Activity: Return, exactly as written, every line from the first line of the data below through the line that contains "Lobby area to".

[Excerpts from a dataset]

==========

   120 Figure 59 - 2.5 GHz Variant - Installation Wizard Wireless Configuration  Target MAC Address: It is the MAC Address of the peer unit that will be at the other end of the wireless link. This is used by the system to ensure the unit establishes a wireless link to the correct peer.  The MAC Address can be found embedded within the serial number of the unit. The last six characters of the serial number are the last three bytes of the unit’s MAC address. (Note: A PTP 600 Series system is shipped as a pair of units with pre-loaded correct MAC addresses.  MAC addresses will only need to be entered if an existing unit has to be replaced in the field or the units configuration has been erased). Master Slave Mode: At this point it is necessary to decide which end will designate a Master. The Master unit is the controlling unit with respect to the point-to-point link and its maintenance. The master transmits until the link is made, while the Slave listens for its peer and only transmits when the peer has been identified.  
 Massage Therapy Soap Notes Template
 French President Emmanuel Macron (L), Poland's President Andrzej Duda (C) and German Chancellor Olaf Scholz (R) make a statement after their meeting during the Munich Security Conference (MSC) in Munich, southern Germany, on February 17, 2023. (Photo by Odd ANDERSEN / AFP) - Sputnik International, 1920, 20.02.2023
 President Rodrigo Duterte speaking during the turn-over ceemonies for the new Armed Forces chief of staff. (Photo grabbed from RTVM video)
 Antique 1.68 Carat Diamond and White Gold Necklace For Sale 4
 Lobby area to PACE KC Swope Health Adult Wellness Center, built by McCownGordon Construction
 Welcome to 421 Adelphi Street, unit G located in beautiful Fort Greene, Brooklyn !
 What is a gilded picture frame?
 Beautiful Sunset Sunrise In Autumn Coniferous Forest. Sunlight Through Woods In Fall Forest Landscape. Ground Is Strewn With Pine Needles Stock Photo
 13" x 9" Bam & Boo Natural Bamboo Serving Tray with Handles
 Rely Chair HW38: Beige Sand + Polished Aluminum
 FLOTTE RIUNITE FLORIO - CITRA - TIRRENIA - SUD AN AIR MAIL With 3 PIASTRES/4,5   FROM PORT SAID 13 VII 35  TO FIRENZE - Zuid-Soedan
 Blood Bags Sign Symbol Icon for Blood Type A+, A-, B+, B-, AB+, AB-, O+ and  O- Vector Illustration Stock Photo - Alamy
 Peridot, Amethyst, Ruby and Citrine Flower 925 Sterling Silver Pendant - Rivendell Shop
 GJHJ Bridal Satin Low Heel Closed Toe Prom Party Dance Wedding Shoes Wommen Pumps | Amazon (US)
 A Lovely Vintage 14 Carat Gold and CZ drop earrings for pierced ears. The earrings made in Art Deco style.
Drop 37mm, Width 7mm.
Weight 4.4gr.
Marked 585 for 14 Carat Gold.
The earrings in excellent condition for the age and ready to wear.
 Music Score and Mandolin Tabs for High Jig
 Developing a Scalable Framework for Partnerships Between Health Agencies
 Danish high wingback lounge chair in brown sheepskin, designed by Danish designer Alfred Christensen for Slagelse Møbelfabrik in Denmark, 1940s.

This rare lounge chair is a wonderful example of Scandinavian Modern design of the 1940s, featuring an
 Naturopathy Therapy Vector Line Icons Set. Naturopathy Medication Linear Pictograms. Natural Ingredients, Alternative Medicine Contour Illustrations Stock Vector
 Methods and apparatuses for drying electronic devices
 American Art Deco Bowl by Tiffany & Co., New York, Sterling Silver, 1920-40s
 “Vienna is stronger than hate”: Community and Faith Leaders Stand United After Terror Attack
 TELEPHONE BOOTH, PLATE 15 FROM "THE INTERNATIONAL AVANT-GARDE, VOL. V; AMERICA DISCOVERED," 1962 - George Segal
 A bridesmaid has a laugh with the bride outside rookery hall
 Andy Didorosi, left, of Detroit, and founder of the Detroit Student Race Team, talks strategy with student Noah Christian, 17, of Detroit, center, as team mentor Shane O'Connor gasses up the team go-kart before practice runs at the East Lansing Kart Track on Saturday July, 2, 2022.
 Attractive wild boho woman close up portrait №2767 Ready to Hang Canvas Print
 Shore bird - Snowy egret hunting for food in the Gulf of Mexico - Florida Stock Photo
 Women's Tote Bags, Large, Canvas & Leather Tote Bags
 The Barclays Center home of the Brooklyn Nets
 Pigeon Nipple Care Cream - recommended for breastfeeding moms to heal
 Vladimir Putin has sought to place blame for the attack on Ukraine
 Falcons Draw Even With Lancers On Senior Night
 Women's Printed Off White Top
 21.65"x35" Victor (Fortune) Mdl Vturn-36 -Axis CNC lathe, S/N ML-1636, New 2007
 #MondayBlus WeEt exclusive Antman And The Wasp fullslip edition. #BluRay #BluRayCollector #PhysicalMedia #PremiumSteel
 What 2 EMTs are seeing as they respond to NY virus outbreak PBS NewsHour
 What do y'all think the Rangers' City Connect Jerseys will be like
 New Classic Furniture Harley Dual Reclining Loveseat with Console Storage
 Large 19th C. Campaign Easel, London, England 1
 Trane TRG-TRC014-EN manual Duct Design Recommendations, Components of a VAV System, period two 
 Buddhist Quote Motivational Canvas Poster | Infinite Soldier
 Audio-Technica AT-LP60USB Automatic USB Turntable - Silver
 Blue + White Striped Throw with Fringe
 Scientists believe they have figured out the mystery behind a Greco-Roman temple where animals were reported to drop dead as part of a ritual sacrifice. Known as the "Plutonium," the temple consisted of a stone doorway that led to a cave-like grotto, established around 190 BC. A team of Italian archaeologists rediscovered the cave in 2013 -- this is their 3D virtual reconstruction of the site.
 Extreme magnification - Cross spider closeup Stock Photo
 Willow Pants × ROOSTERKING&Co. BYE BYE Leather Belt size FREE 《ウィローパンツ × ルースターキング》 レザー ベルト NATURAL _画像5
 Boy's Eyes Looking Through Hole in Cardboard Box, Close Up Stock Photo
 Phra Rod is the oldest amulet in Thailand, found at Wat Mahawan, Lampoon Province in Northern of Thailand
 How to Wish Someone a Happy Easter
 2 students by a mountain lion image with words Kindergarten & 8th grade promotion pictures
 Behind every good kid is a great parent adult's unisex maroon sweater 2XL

==========

Output below:
   120 Figure 59 - 2.5 GHz Variant - Installation Wizard Wireless Configuration  Target MAC Address: It is the MAC Address of the peer unit that will be at the other end of the wireless link. This is used by the system to ensure the unit establishes a wireless link to the correct peer.  The MAC Address can be found embedded within the serial number of the unit. The last six characters of the serial number are the last three bytes of the unit’s MAC address. (Note: A PTP 600 Series system is shipped as a pair of units with pre-loaded correct MAC addresses.  MAC addresses will only need to be entered if an existing unit has to be replaced in the field or the units configuration has been erased). Master Slave Mode: At this point it is necessary to decide which end will designate a Master. The Master unit is the controlling unit with respect to the point-to-point link and its maintenance. The master transmits until the link is made, while the Slave listens for its peer and only transmits when the peer has been identified.  
 Massage Therapy Soap Notes Template
 French President Emmanuel Macron (L), Poland's President Andrzej Duda (C) and German Chancellor Olaf Scholz (R) make a statement after their meeting during the Munich Security Conference (MSC) in Munich, southern Germany, on February 17, 2023. (Photo by Odd ANDERSEN / AFP) - Sputnik International, 1920, 20.02.2023
 President Rodrigo Duterte speaking during the turn-over ceemonies for the new Armed Forces chief of staff. (Photo grabbed from RTVM video)
 Antique 1.68 Carat Diamond and White Gold Necklace For Sale 4
 Lobby area to PACE KC Swope Health Adult Wellness Center, built by McCownGordon Construction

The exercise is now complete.